I would not, however, proceed with the majority to the more sweeping holding that the waiver of recourse to the courts provision, unless narrow exceptions exist, is “valid and binding on the parties and the courts” [presumably where Illinois law is found to control]. While the Illinois case law is sparse, the latest judicial pronouncement on the subject strongly suggests that *546waiver of recourse to courts provisions are unenforceable and void in Illinois.2

While the scope of review of the Commissioner’s decision is extremely narrow, I believe it could be overturned if Finley could establish that he was denied a fair hearing because the Commissioner was biased or motivated by malice.
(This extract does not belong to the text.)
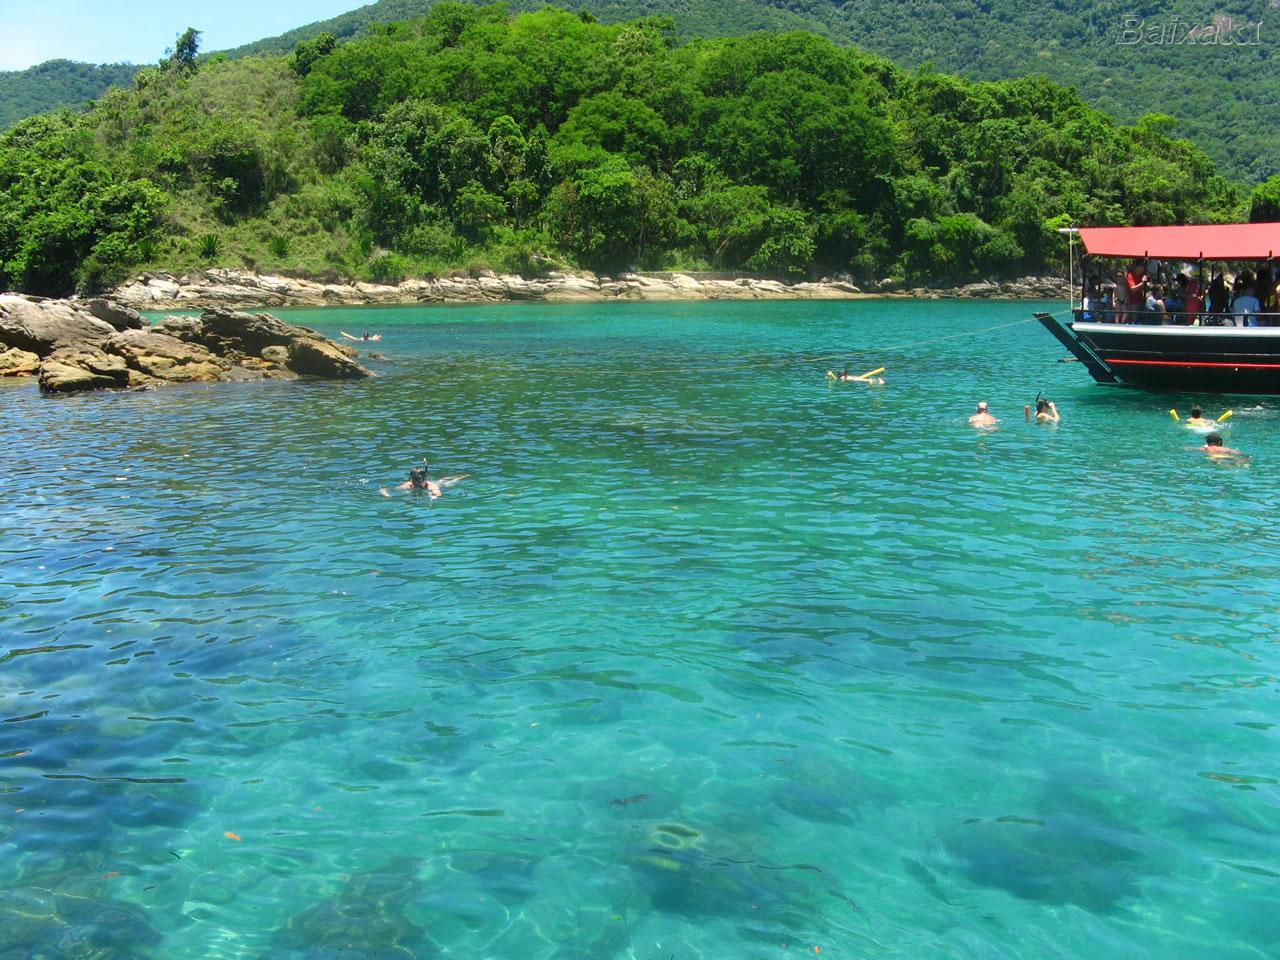 http://1.bp.blogspot.com/_bonvSfT7Nvg/SwFBu5ceffI/AAAAAAAAAAM/0_L-LY0YYPg/s1600/lagoa-azul-angra-dos-reis-wallpaper.jpg

Van Daele v. Vinci, supra, 282 N.E.2d at 732. La Jeunesse, supra, 347 N.E.2d at 715, Engel v. Walsh, supra, 101 N.E. at 2. The district court, however, made express findings that Finley received a fair hearing and the Commissioner was not motivated by malice. The finding does not seem to me to be clearly erroneous. Such problems as there are with the finding arise out of comments by the court implying that malice of the Commissioner would be irrelevant, and the court’s sustaining of objections to some of the questions concerning possible ill will. Notwithstanding the comments, the court did make the finding, and did hear some of the evidence. In the absence of an offer of proof it is hard to believe that the sustaining of the objections was prejudicial. Moreover, appellant had made no objection to the proceeding before the Commissioner on the ground of bias.

I concur in Part IV of the majority opinion holding that baseball’s exemption from the antitrust laws is not limited to the reserve clause. I only add that Federal Baseball Club of Baltimore v. National League, 259 U.S. 200, 42 S.Ct. 465, 66 L.Ed. 898 (1922), the case establishing the exemption, did not involve the reserve clause. See discussion. State v. Milwaukee Braves, Inc., 31 Wis.2d 699, 722-725, 144 N.W.2d 1 (1966), cert. denied sub nom. Wisconsin v. Milwaukee Braves, Inc., 385 U.S. 990, 87 S.Ct. 598, 17 L.Ed.2d 451.

. I do not agree with the majority, however, that it was not error for the district court to admit testimony of twenty-one of the parties to the Major League Agreement regarding their understanding concerning the authority of the Commissioner. The uncommunicated intentions and understandings of parties to a contract are inadmissible to establish their earlier intent at the time of contract formation. E. g., Union Bank v. Winnebago Industries, Inc., 528 F.2d 95, 99 (9th Cir. 1975). 1 do not believe Finley was prejudiced by this error, however, in light of the unambiguous contractual language, the fact that the trial was held without a jury, and the judge’s statement that he would give minimal weight to the testimony.

. In In re Streck's Estate, 35 Ill.App. 473, 183 N.E.2d 31 (1962), the court stated:

Agreements whose object is to oust the jurisdiction of the courts are contrary to public policy and void.

The one Illinois case cited by the majority in support of its upholding the waiver of recourse to the courts provision, School District No. 46 v. Del Bianco, 68 Ill.App.2d 145, 215 N.E.2d 25 (1966), involved a contract for arbitration. Public policy in that area had been pronounced by the legislature in the Uniform Arbitration Act. The Act does not completely foreclose recourse to the courts, since fraud and the grounds for vacating an award are recognized.